Load Balancing DNS Traffic with NGINX and NGINX Plus

NGINX | April 14, 2016

Liam CrillySr Director, Product Management

NGINX Plus R9 introduces the ability to reverse proxy and load balance UDP traffic, a significant enhancement to NGINX Plus’ Layer 4 load‑balancing capabilities.

This blog post looks at the challenges of running a DNS server in a modern application infrastructure to illustrate how both NGINX Open Source and NGINX Plus can effectively and efficiently load balance both UDP and TCP traffic. (Application [active] health checks are exclusive to NGINX Plus, but otherwise the information in this blog applies equally to NGINX Open Source; for brevity, we’ll refer to NGINX Plus for the rest of the post).

[Editor – For an overview of all the new features in NGINX Plus R9, see Announcing NGINX Plus R9 on our blog.]

Why Load Balance UDP Traffic?

Unlike TCP, UDP by design does not guarantee the end‑to‑end delivery of data.
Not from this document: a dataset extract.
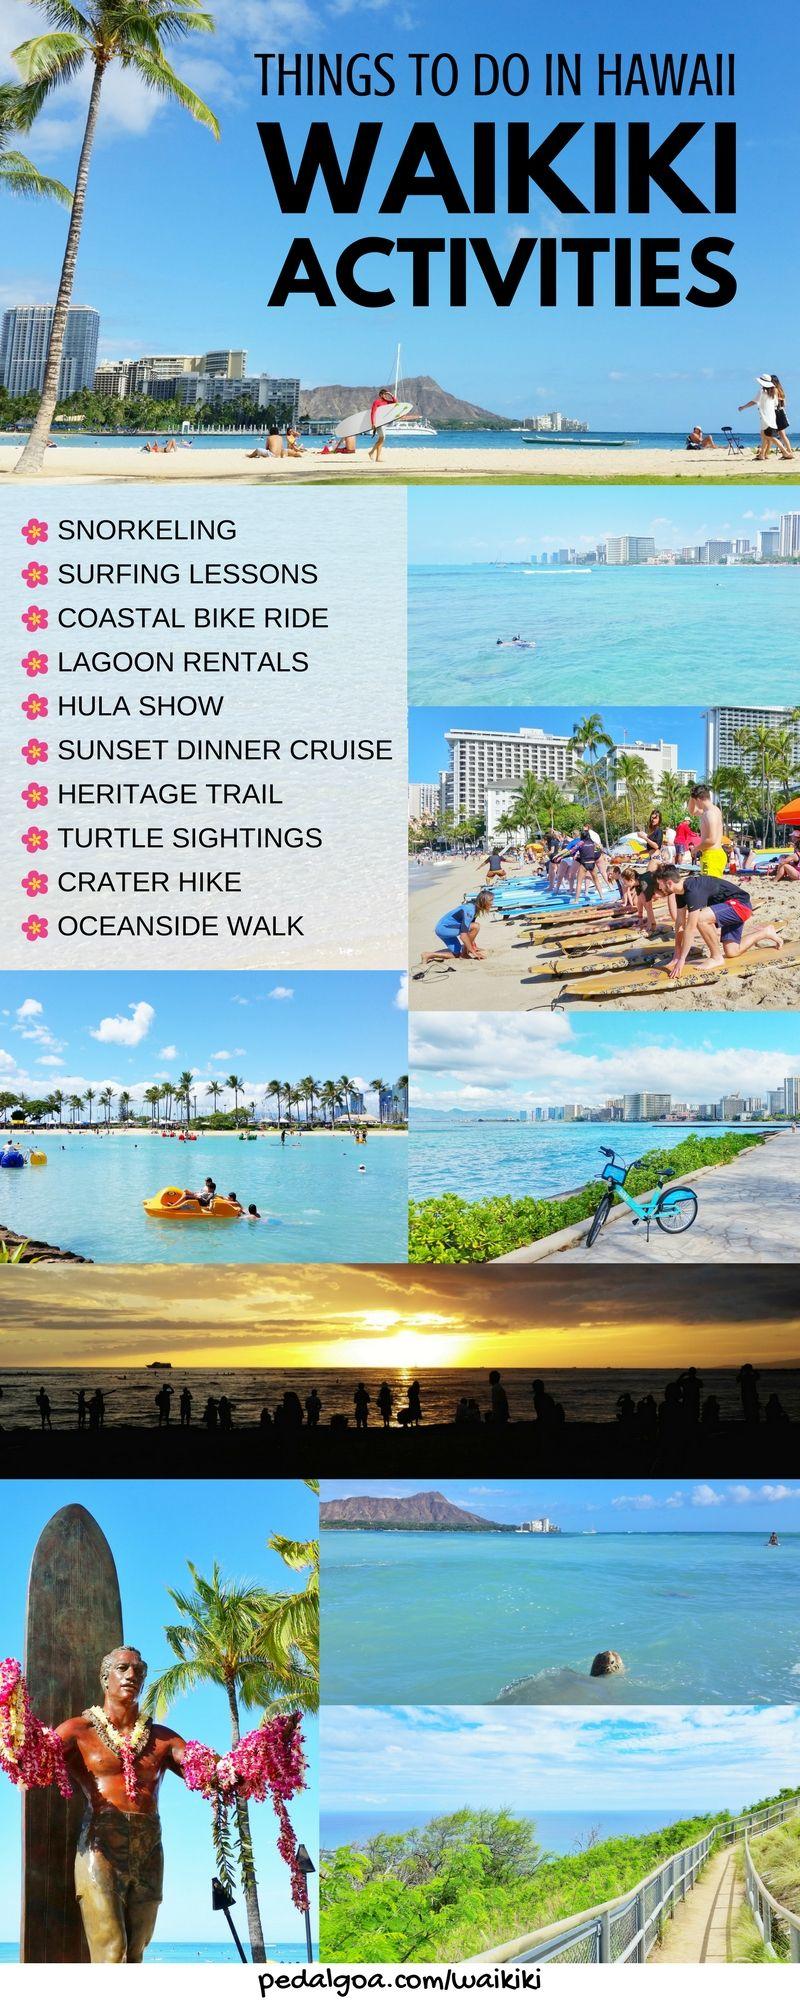 Waikiki Activities Travel Guide In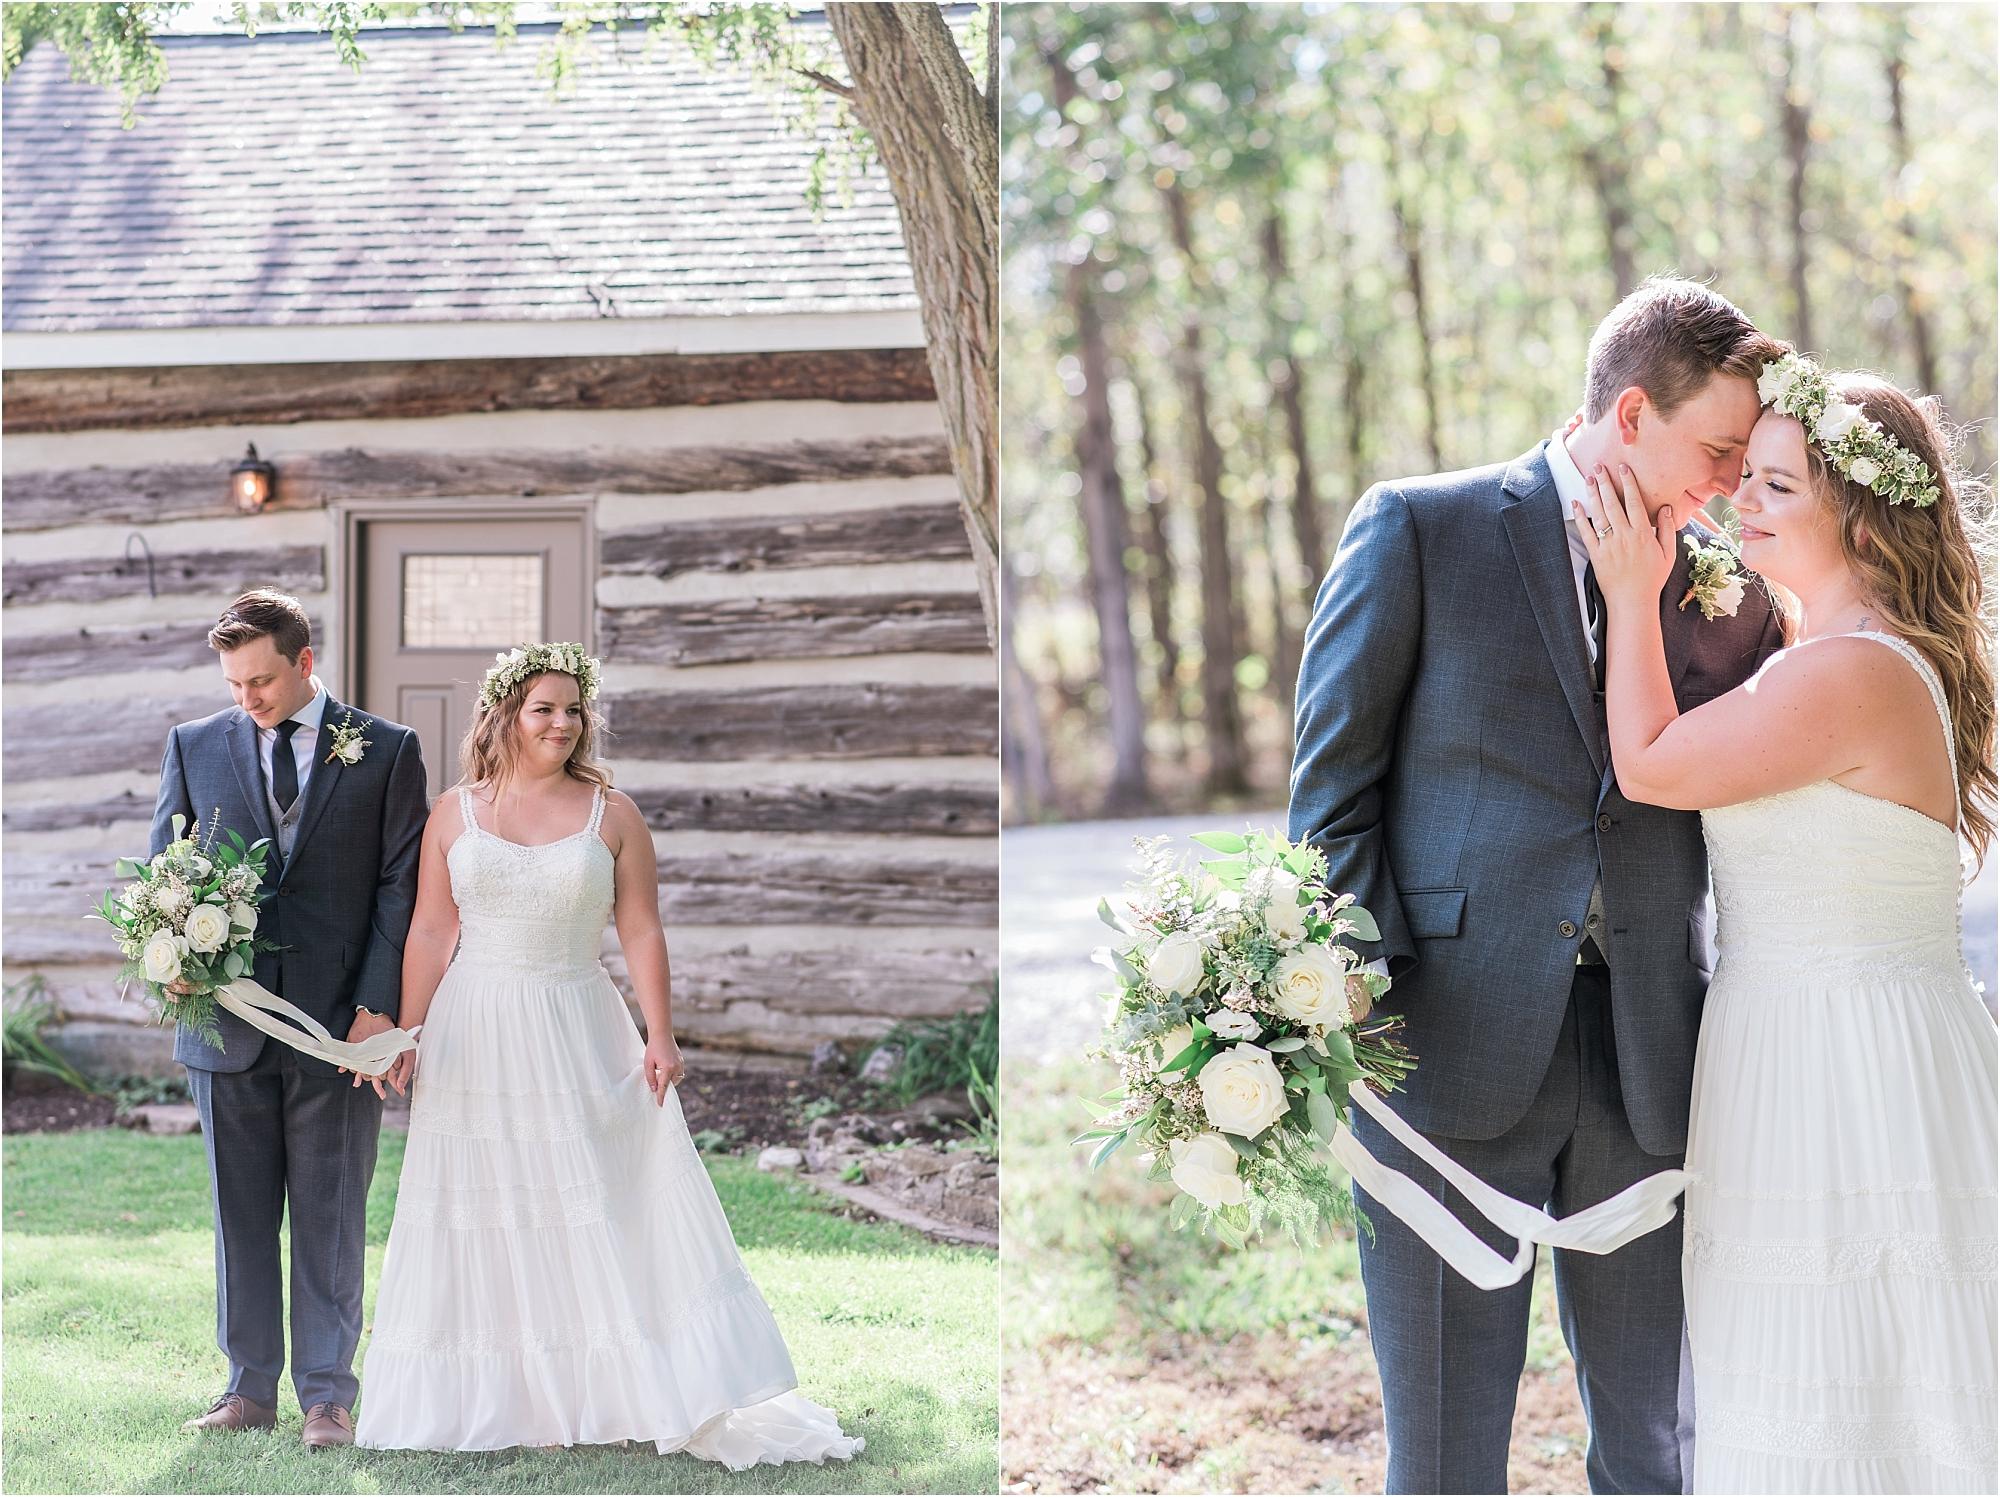 0036 Summer Stonefields Wedding Carleton Place - Ottawa Wedding - Photography by Emma_WEB.jpg

It is akin to sending a message by carrier pigeon – you definitely know the message was sent, but cannot be sure it arrived. There are several benefits to this “connectionless” approach – most notably, lower latency than TCP both because UDP’s smaller individual messages use less bandwidth and because there is no handshake process for establishing a connection. UDP leaves the problem of detecting timeouts and other network‑level problems to the application developer. But what does this mean for DNS?

Like several other UDP‑based protocols, DNS uses a request‑response data flow. For example, a DNS client asks for the IP address corresponding to a hostname and receives an answer. If a response doesn’t arrive within a given timeout period, the DNS client sends the same request to a “backup” DNS server. However, having to wait the timeout period before retrying a request can turn what is usually an extremely fast process (measured in milliseconds) into a very slow one (measured in seconds).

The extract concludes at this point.